- _Task to carry out_
Each line below from the one containing "414G Sauce Pate" through the one containing "Ace Lacewing, Bug" should be output exactly as it stands, and no other line should appear.

- _Material provided_
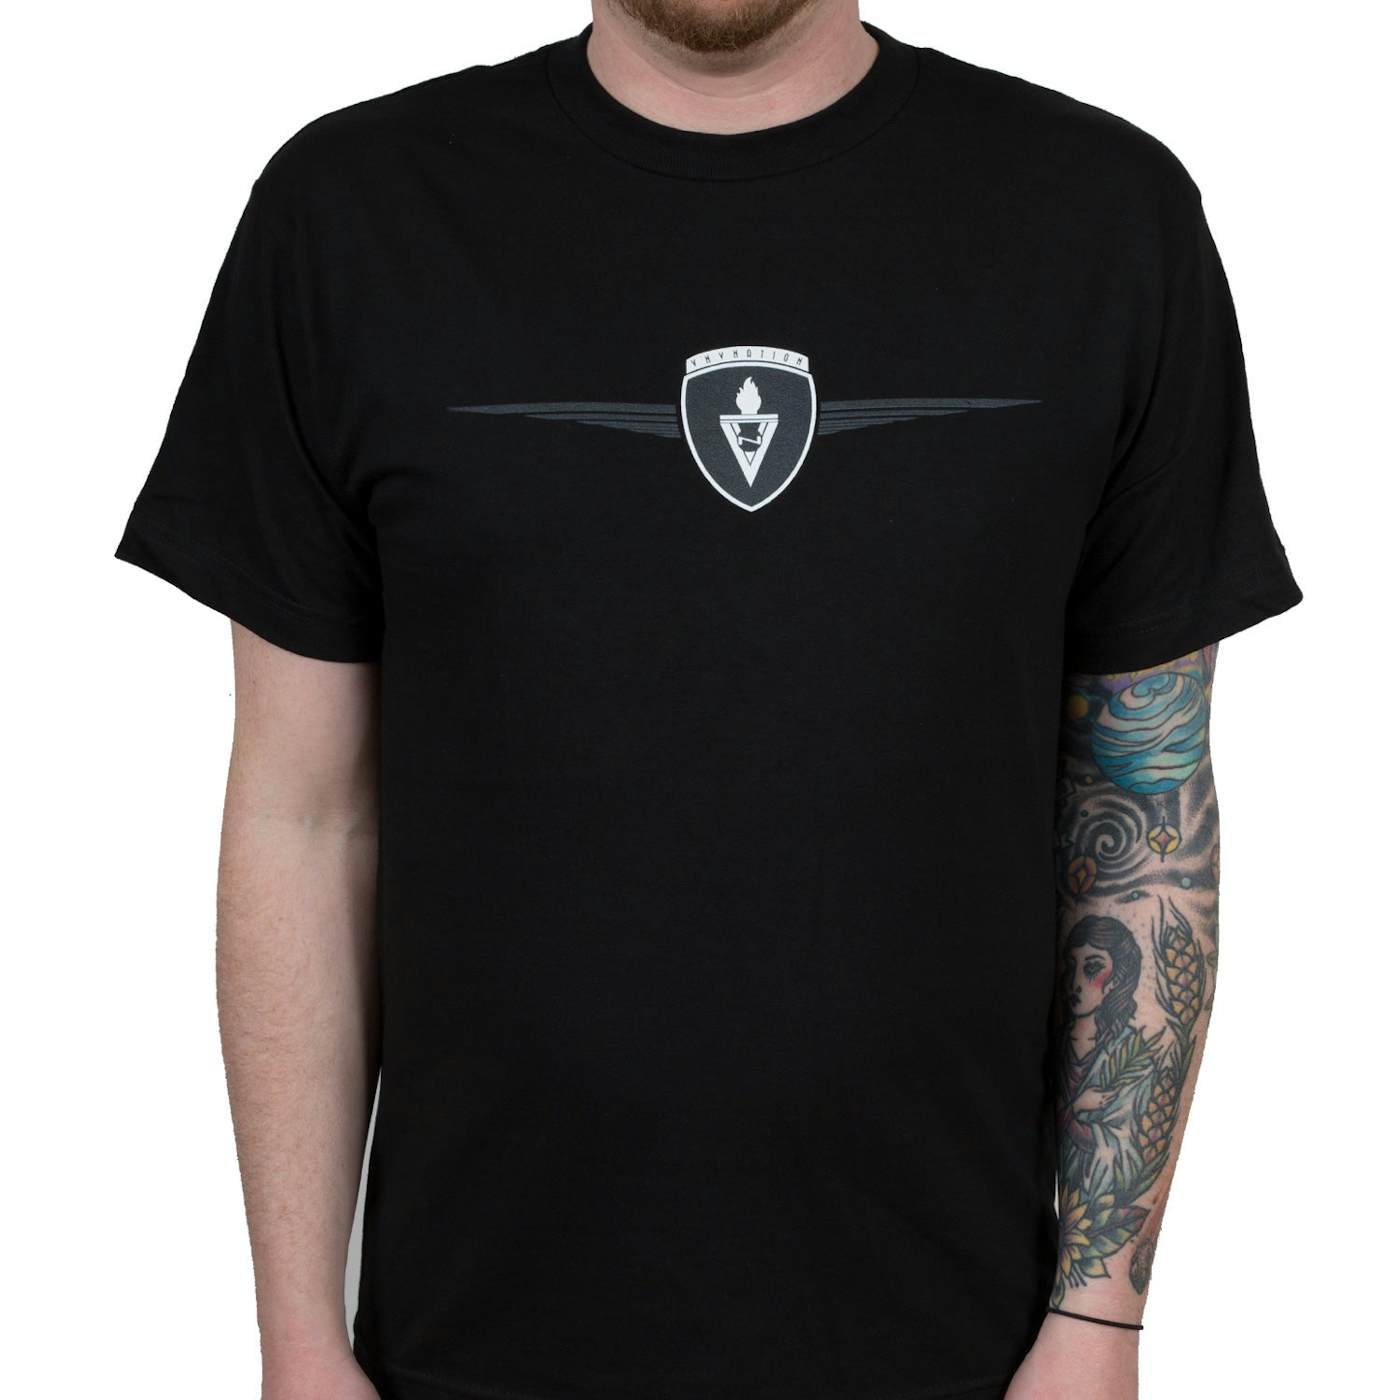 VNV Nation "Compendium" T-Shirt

---

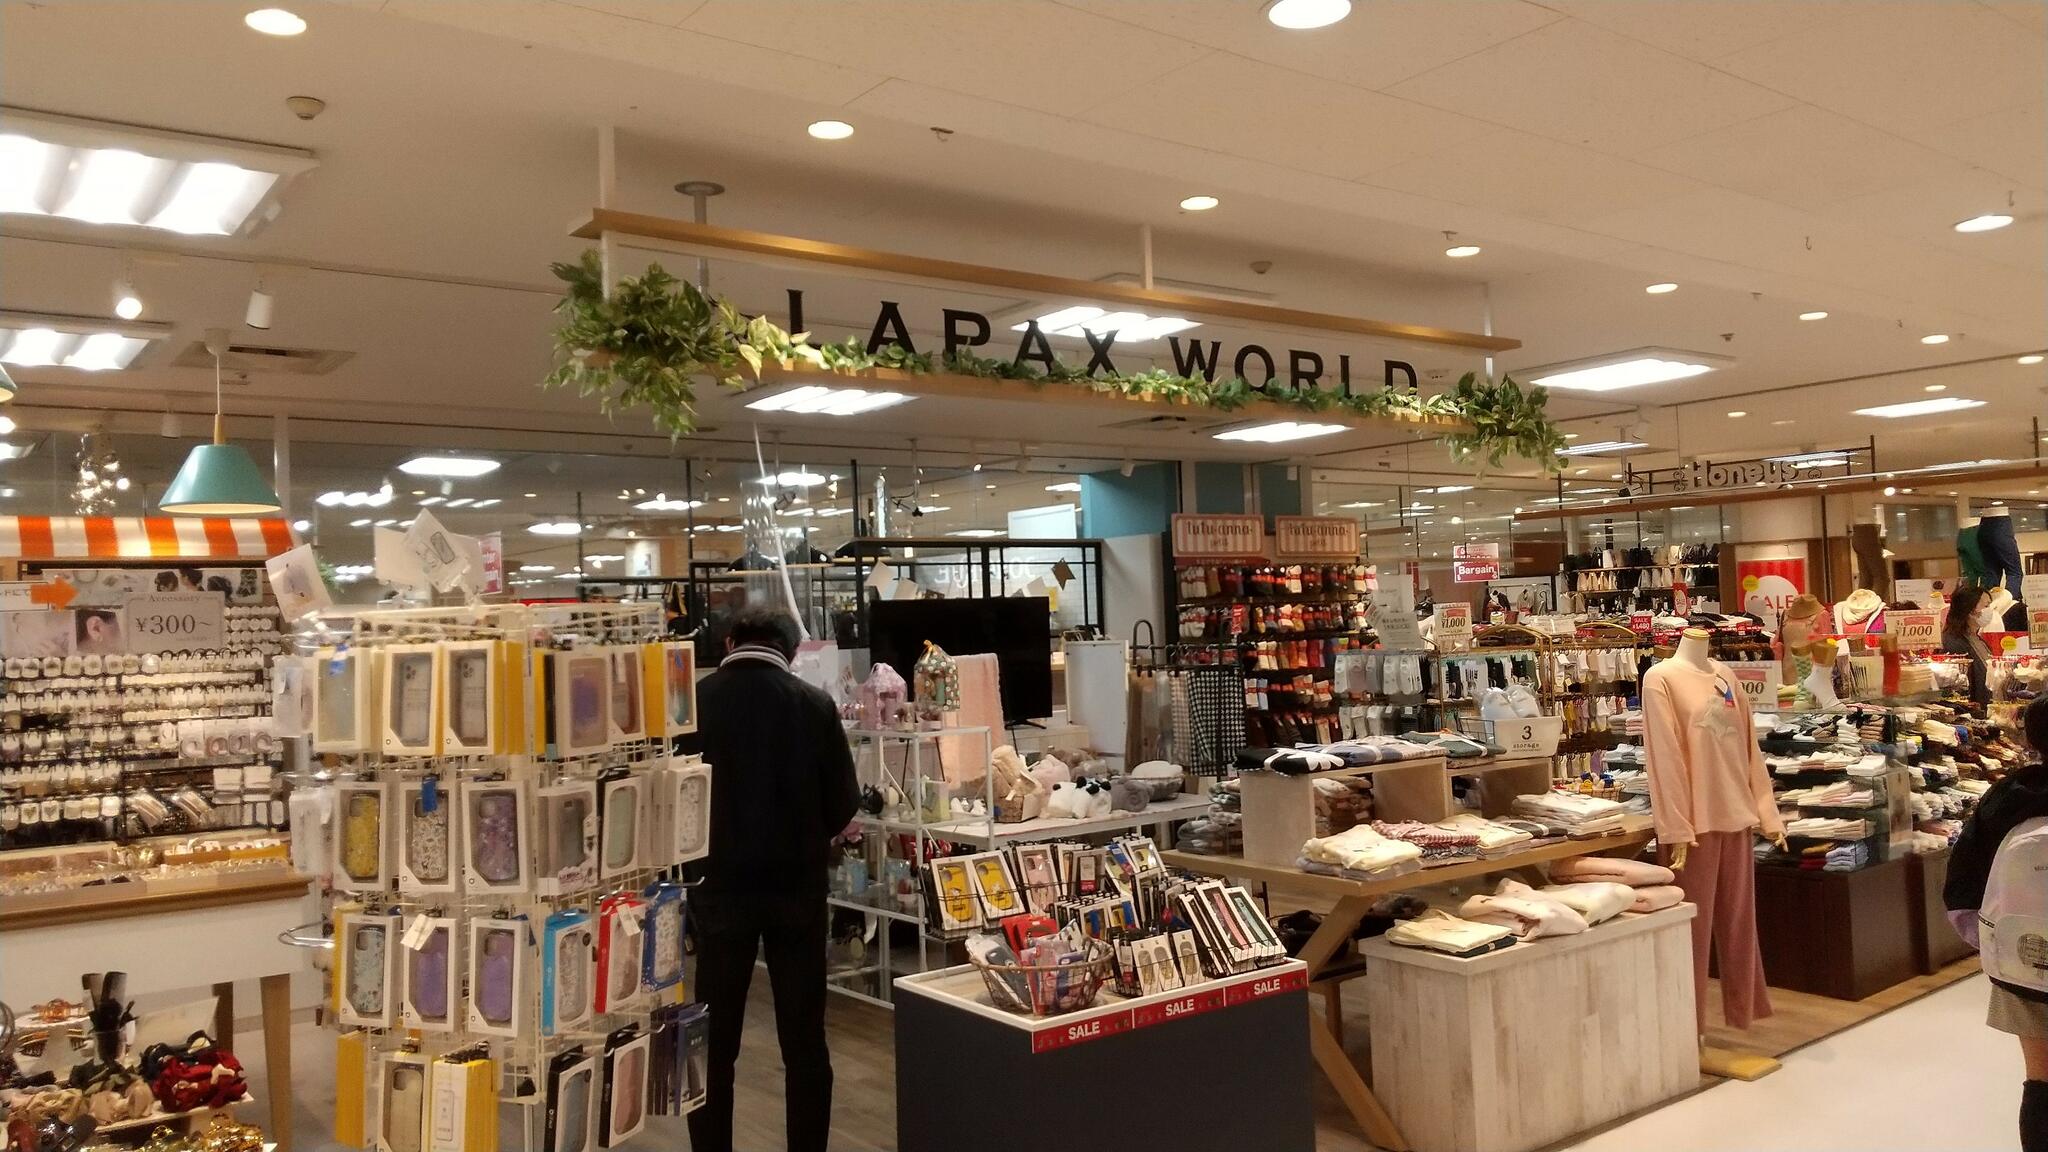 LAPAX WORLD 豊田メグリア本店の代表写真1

---

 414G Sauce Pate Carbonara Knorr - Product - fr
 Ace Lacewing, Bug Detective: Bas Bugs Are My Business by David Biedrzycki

- _Output_
 414G Sauce Pate Carbonara Knorr - Product - fr
 Ace Lacewing, Bug Detective: Bas Bugs Are My Business by David Biedrzycki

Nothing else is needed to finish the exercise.